I saw it with the sixth graders, too. For the first time in over a year, they were visiting me in the morning. In the final couple weeks, there would sometimes be 8 older kids at once in my classroom, looking around as if to memorize the details. They asked me if I remembered things from when they were in our class- funny stories, outrageous comments, surprises. They asked me about middle school. When I reminded them I hadn’t gone to school here, they asked me what it was like for me. I found myself remembering my own fear and happiness from ‘moving up.’ Class choice, independence, no more lines! But also, the fear of what was coming next, and wondering if your friendships would hold. Before they left, they almost always doubled back for a hug. Even the boys, who a month before gave me no more than a chin nod in greeting.
Our school does a lot of symbolic things around graduation. Since we’re K-6, most kids have spent the majority of their lives in this building, with these people. Some can’t remember a time before our school.
We end with a handshake. The 6th graders circle up outside, and one by one every grade comes through and shakes the hand of each graduating student. It’s incredibly sweet and touching. The younger kids love it, and it gives the older ones a sense of closure.
When I first started, it had taken me only a couple weeks to realize how much I loved my first class. Since then, I had been afraid of the moment I’d have to hug them goodbye at the handshake circle. I’d been afraid I’d cry too much, be too emotional.
I did ok! I did cry, but I smiled and laughed, too. I told them they were ready.
As I hugged one girl goodbye, one who visits often and cried hardest at the talk of leaving, I whispered to her “You’ve grown up so much!” “So have you!” She said back.
That made me realize another reason why that class meant so much to me.
I had been an assistant at the school I now work in for two years prior to getting my own class. That job had made me realize I wanted to be a teacher, and I had gone to grad school and done my student teaching in the same place. When I graduated with my masters, a position suddenly opened, and I got my dream job- staying right where I had been for two years prior.
I was hired in July, started in late August. In early October, just as I was getting my feet, my boyfriend of 3 years broke up with me. We’d been living together, talking about marriage. Suddenly I had my cat and my few worldly goods in my car, driving to my parents house. I was reeling. I lost so much- love, my home, my friends. It felt like I didn’t know who I was.
But I knew I was a teacher. I had those kids. And I could come in every day and forget how sad and lost and heartbroken I was. I spent 12 or more hours at school frequently in those days- there was always things to do! When everything shifted under me, I knew I was a teacher. I knew they loved me, and I loved them. At my lowest points, they were the brightest parts of my life.

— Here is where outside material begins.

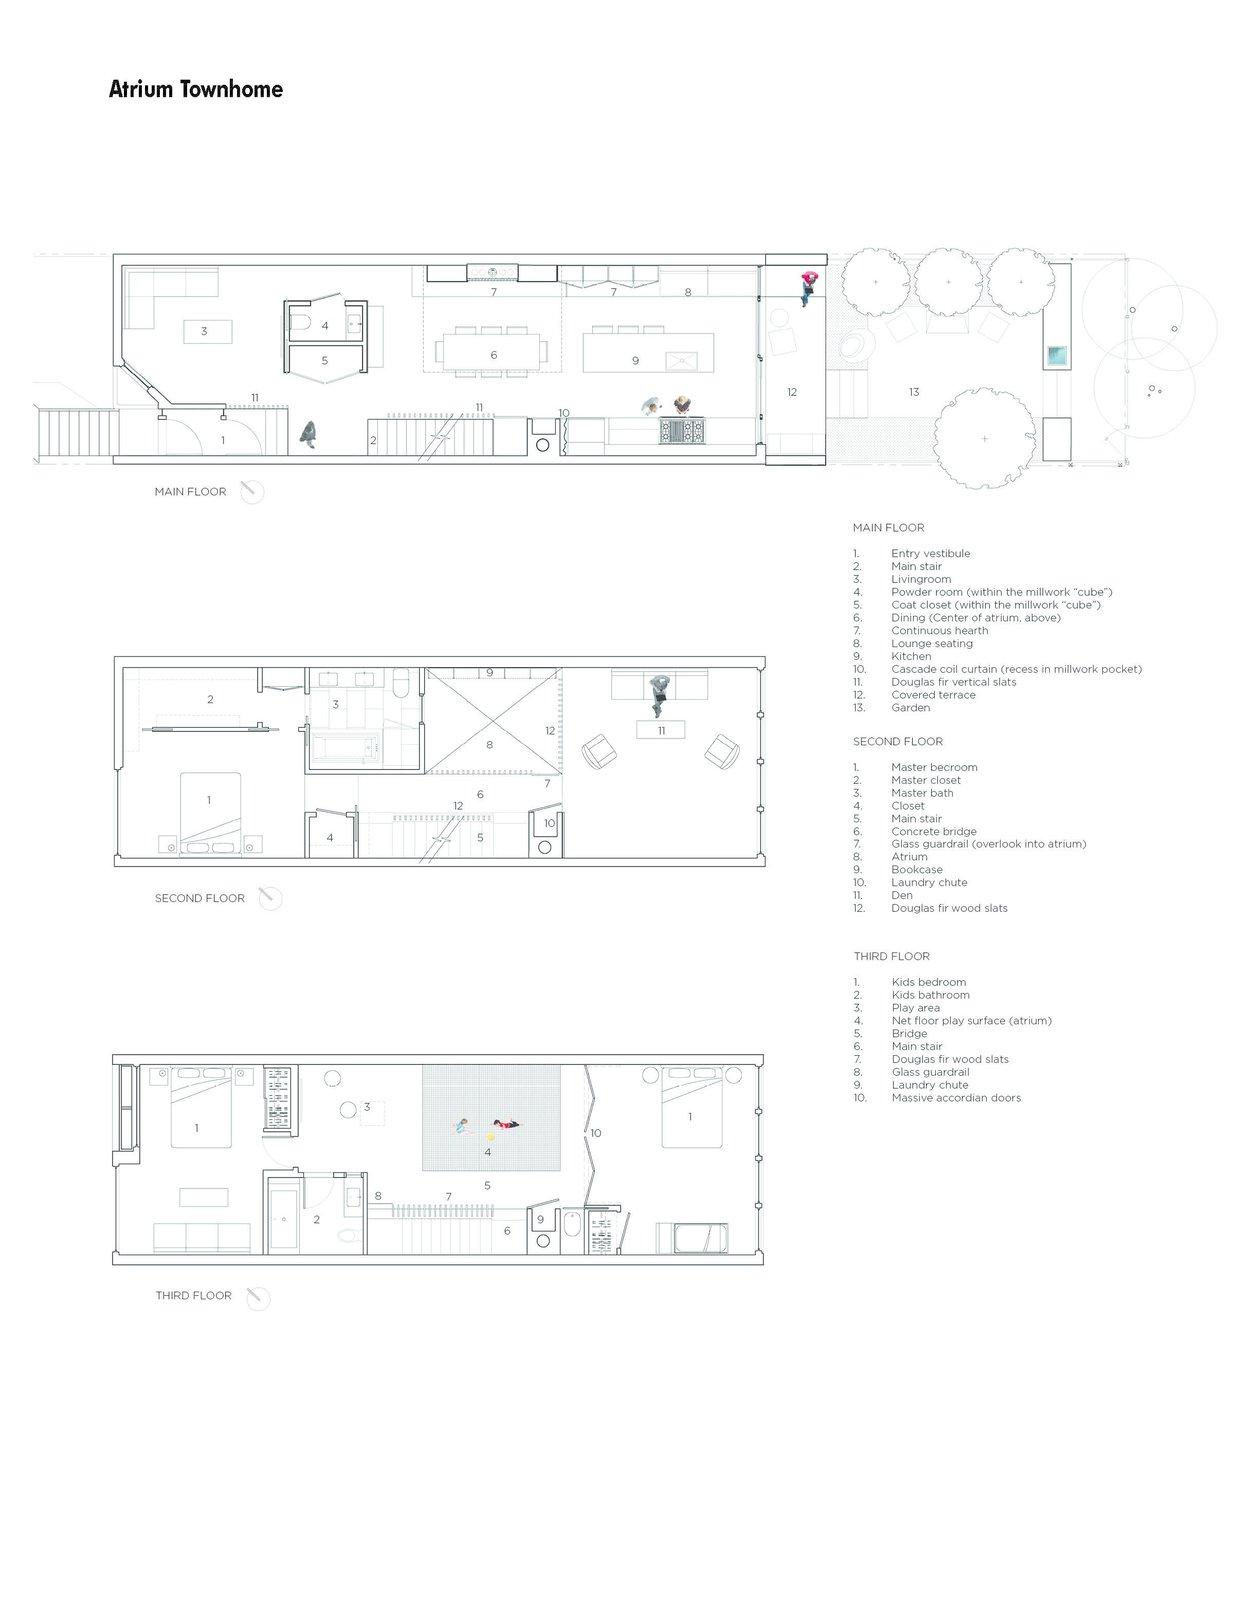 Floor plans  Atrium Townhome by RobitailleCurtis

Things got better, and they were there when they did. When I marvel at how the little ones who could barely write a paragraph or resolve a conflict have become such mature, sophisticated people and advanced learners, I see my own growth, too. I was a young, confused, sad- there’s no other word for it- kid. I end this year the proud owner of a house with a big yard, a well behaved dog and an unruly puppy. My wedding is in a month, and my fiance is literally the man of my dreams. I still fall down while playing capture the flag, can fake burp like nobody’s business, and laugh at bathroom humor- but I’ve got things together now in a way I didn’t at 24.
We’ve all come so far.
I’m going to miss my 6th graders, but I know they’ll come back to visit- just like the first class I ever worked with, as an assistant. They’re going into tenth now, and they like to stop by and grin at the shock on my face as I stare at them and realize who they are.
I’ll miss my 4th graders, too, but I’ll see them often. With every emotional goodbye, I realize two things: That things are never final, and we’ll see each other a lot; and that it never gets any easier to say goodbye.